In an interview with The Northern Miner Magazine, Lister said the mill problems were overcome fairly quickly. Falling gold prices and difficulty in delineating the orebody finally did it in. “It was an uphill economic battle all the way,” he said.
In July, 1984, Campbell transferred to Royex its management contracts with Cullaton Lake. Earlier, it had exchanged its 5.6 million Cullaton common shares for 3.2 million shares of Royex. So by 1984, Campbell had effectively washed its hands of Cullaton Lake, turning it over to the newly-formed Royex Gold Corp.
Royex President Peter Steen finally put Cullaton out of its misery in 1985, declaring that “the operating criterion for low-cost production could not be readily achieved.”
Officially, Cullaton was in commercial production from January, 1983, to August, 1985, although the operation was yielding gold as early as October, 1981. In its first year of operation to Sept 30, 1982, the B zone yielded 15,749 oz of gold. In 1983, it produced 34,998 oz and in 1984 a furthe
r 27,875 oz. Through those three years of production, average mill recoveries improved to 92.9% from the first year’s recoveries of 80%. Mill head grades declined to 0.33 oz gold per ton from 0.42 oz over the same period. In July, 1984 the B zone operation was put on care and maintenance.

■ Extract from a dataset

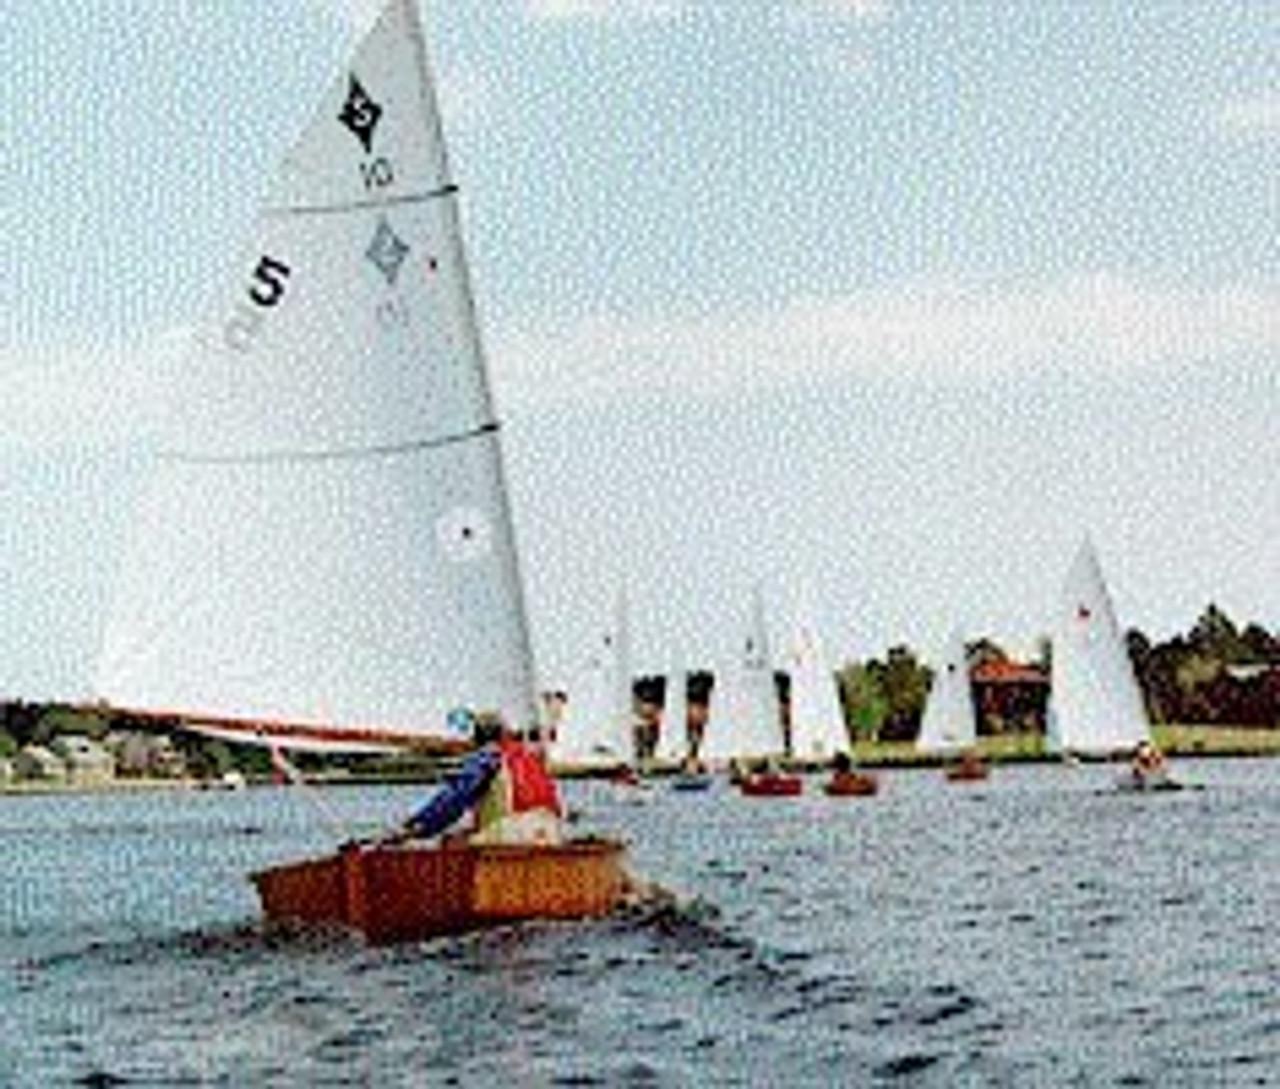 Spindrift 10 Reefing Mainsail

And although an attempt was made to mine Shear Lake, it too proved costly. From a study done in 1984, Shear Lake had proven, probable, and drill-indicated reserves of about one million tons grading 0.21 oz gold per ton. There was talk of pre-concentrating the ore, but those plans were shelved. According to a 1985 prospectus, which cited a study by an independent mining engineer who used a cutoff grade of 0.2 oz gold per ton and a minimum mining width of 5 ft, the reserves were as follows: crown pillar, 41,048 tons averaging 0.29 oz; proven, 185,371 tons averaging 0.30 oz; probable, 125,442 tons averaging 0.32 oz; and possible, 107,044 tons averaging 0.25.
The Cullaton Lake story may yet have a happy ending. Says Steen: “I think that the area’s real potential is in exploration. There’s a lot of gold in that area. If that property were down in Arizona, it would be one big open pit.”
Royex has clung to its 24,000-acre tract of Cullaton Lake land, and Steen says that once the company has cash flow available to spend on the area, exploration will begin.